*** SUPPLIED INFORMATION Section Begins ***

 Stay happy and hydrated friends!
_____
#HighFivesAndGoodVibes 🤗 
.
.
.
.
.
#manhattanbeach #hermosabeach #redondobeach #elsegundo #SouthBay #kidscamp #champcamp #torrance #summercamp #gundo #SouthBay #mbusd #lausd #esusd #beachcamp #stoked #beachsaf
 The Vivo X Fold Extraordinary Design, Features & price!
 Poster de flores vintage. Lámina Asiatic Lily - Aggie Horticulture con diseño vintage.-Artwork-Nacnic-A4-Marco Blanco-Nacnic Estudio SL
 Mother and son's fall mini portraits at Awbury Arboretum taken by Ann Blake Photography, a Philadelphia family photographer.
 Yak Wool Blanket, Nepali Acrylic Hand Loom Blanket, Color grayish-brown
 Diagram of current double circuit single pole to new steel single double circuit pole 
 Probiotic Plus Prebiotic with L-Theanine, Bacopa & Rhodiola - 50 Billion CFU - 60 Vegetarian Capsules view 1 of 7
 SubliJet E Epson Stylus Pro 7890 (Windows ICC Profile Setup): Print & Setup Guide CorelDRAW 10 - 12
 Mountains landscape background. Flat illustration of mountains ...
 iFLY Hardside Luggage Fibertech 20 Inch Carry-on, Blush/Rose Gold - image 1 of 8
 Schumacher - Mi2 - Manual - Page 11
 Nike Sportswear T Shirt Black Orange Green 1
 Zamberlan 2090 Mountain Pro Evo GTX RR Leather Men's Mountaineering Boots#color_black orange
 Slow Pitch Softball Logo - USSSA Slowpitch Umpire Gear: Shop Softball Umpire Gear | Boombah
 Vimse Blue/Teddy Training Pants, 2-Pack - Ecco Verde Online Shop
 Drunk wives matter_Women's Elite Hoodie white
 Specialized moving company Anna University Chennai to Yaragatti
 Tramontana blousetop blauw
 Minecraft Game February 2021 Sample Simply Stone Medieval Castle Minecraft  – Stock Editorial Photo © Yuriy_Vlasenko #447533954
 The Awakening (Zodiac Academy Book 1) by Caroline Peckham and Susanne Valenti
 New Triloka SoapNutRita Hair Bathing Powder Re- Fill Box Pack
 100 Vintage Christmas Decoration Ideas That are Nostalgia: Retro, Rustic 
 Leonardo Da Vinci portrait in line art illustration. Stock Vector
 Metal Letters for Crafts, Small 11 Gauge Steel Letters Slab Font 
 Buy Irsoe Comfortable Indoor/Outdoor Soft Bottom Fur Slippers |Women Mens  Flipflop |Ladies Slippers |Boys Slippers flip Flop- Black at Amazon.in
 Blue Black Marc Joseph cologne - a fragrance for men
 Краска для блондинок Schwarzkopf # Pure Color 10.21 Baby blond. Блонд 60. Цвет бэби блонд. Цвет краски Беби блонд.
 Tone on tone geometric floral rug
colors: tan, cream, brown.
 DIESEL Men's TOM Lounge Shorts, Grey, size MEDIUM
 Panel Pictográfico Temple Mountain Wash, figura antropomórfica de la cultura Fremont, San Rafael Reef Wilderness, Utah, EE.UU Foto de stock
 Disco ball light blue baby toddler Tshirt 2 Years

*** SUPPLIED INFORMATION Section Ends ***

### [WHAT THE EXERCISE ASKS]
What lines above contain the word "Pack"? Return each such line.

### [THE ANSWER]
 Vimse Blue/Teddy Training Pants, 2-Pack - Ecco Verde Online Shop
 New Triloka SoapNutRita Hair Bathing Powder Re- Fill Box Pack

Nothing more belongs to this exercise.